Re: [xml-dev] It is okay for things to break in the future!

I tend to agree with John.

We need to factor in the likely SDLC for our schemas and modeling.

In particular, if you are a multinational company or a company that will likely merge with other companies or buy in data, you can be pretty sure that the structure you derive from your document analysis will be revealed as incorrect/inappropriate/bogus as soon as it is faced with these new kinds of data.

Therefore you need to be much clearer in what is vocabulary (e.g. element names), semantically necessary structure (e.g. that table cell only occurs in a row and that in a table) and document constraints (e.g. that a section starts with one title, or that an address has one ZIP code at the end).

Failure to model these separately (e.g. by an open and loose base schema for the first two, and derived schemas or Schematrons for the last) causes extra work for later integration: indeed, sometimes this is compounded by management, embarrassed that the new documents could not be shoe-horned into the standard schemas that so much effort had been spent on to model, blaming the poor suckers who have to do this shoe-horning, rather than attributing it to a kind of failure in awareness of the SDLC.

Regards

Rick

On Sat, Jan 28, 2023 at 12:12 PM John Cowan <johnwcowan@gmail.com> wrote:

On Sun, Sep 4, 2022 at 6:11 PM Roger L Costello <costello@mitre.org> wrote:

Roger's Perspective: It is possible to know the current world. Developers can and should model the current world. The benefits of flagging data that violates the model outweighs the benefits of "coding for the future."

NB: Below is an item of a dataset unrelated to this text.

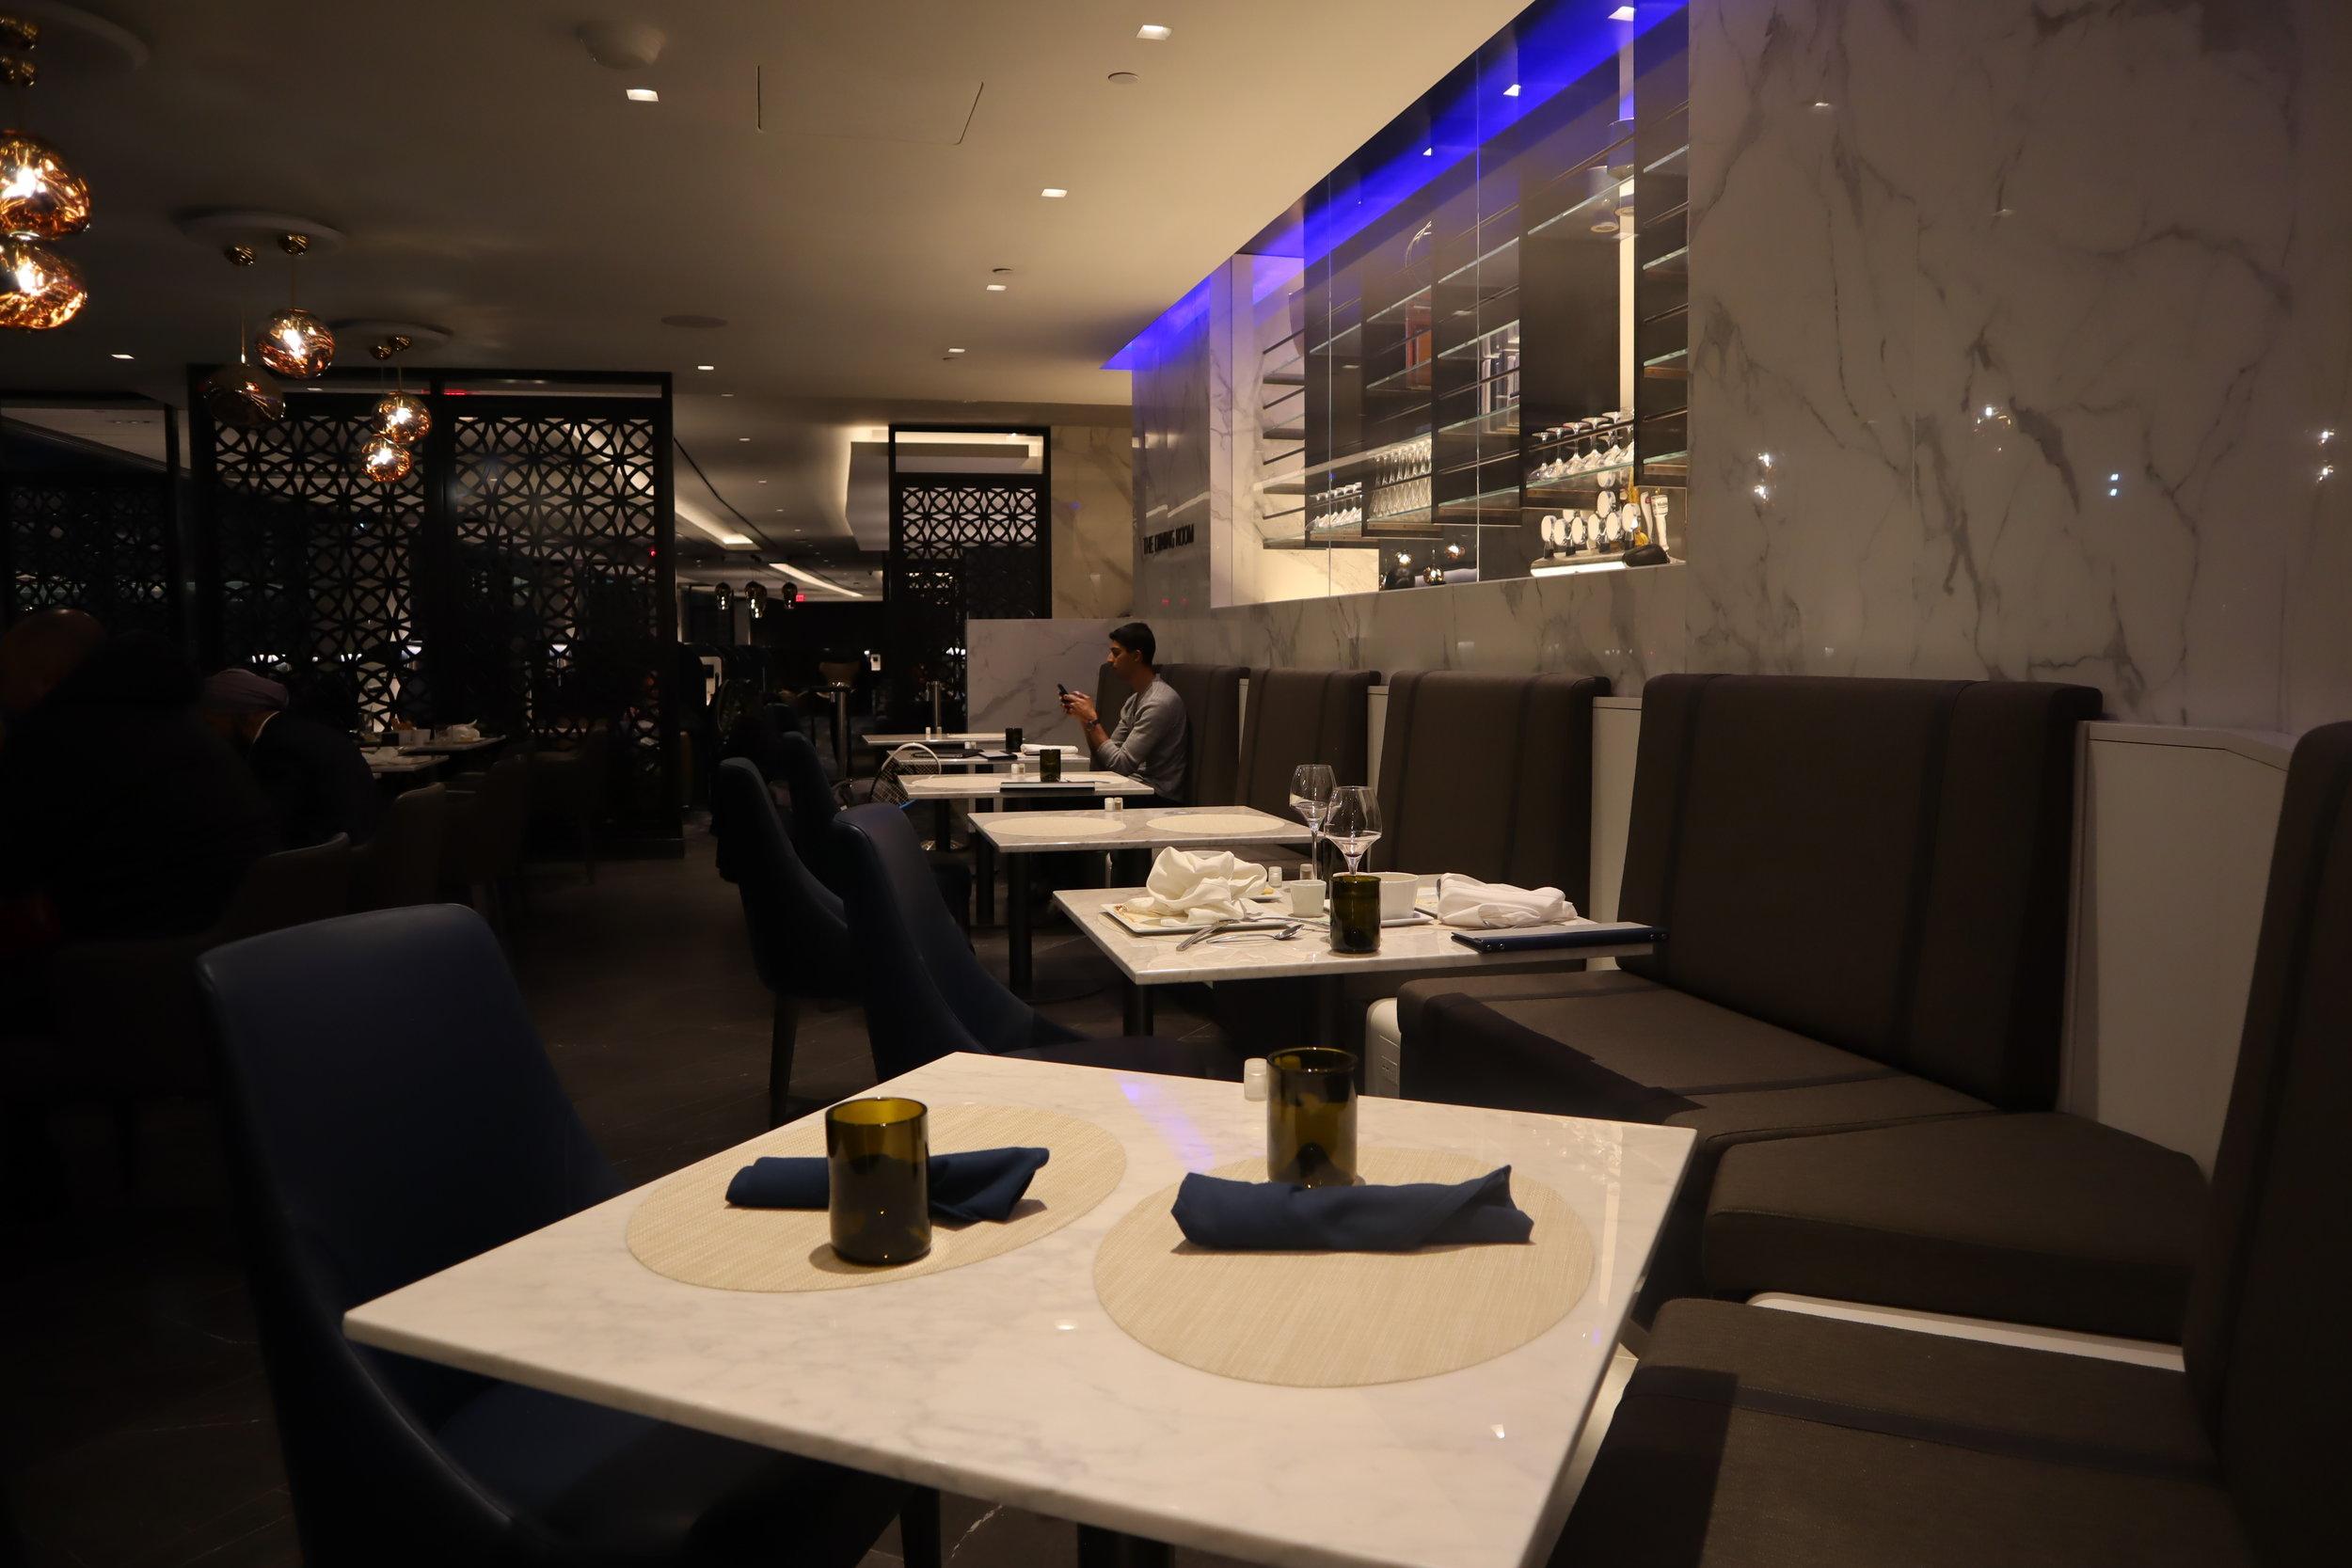 United Polaris Lounge Newark – Sit-down dinner

I Guess Everyone Else's Perspective: It is not possible to model the world. Even in incredibly simple ways. The costs of breaking the model when the world doesn’t agree with the model outweighs the benefits of flagging invalid data.

I wouldn't put it that way at all. It's possible to model the world, and we do, all the time. But we always do so on the basis of insufficient data. At Lexis-Nexis, the 1-billion-document company, modelers would typically ask for a sample of documents (already very roughly XMLized) from which an XML Schema would be built. It turned out that even a few hundred documents of a given type (too many to examine individually) was not enough to capture all possible structural features, never mind refinements like maximum length. So we turned up the knob and started to ask for thousands or tens of thousands of documents and used some simple-minded software (which I wrote) to look at and count features and to determine which features were subordinate to which other features.

Essentially the second perspective is a warning against overfitting <https://en.wikipedia.org/wiki/Overfitting>. If we see that in our sample (and that's all we ever have, a sample) the longest given name ("first name", though it isn't always first) is 17 characters long, we probably don't want to introduce a constraint saying "maxlength(firstname) = 17". As the WP article says, "The essence of overfitting is to have unknowingly extracted some of the residual variation (i.e., the noise) as if that variation represented underlying model structure."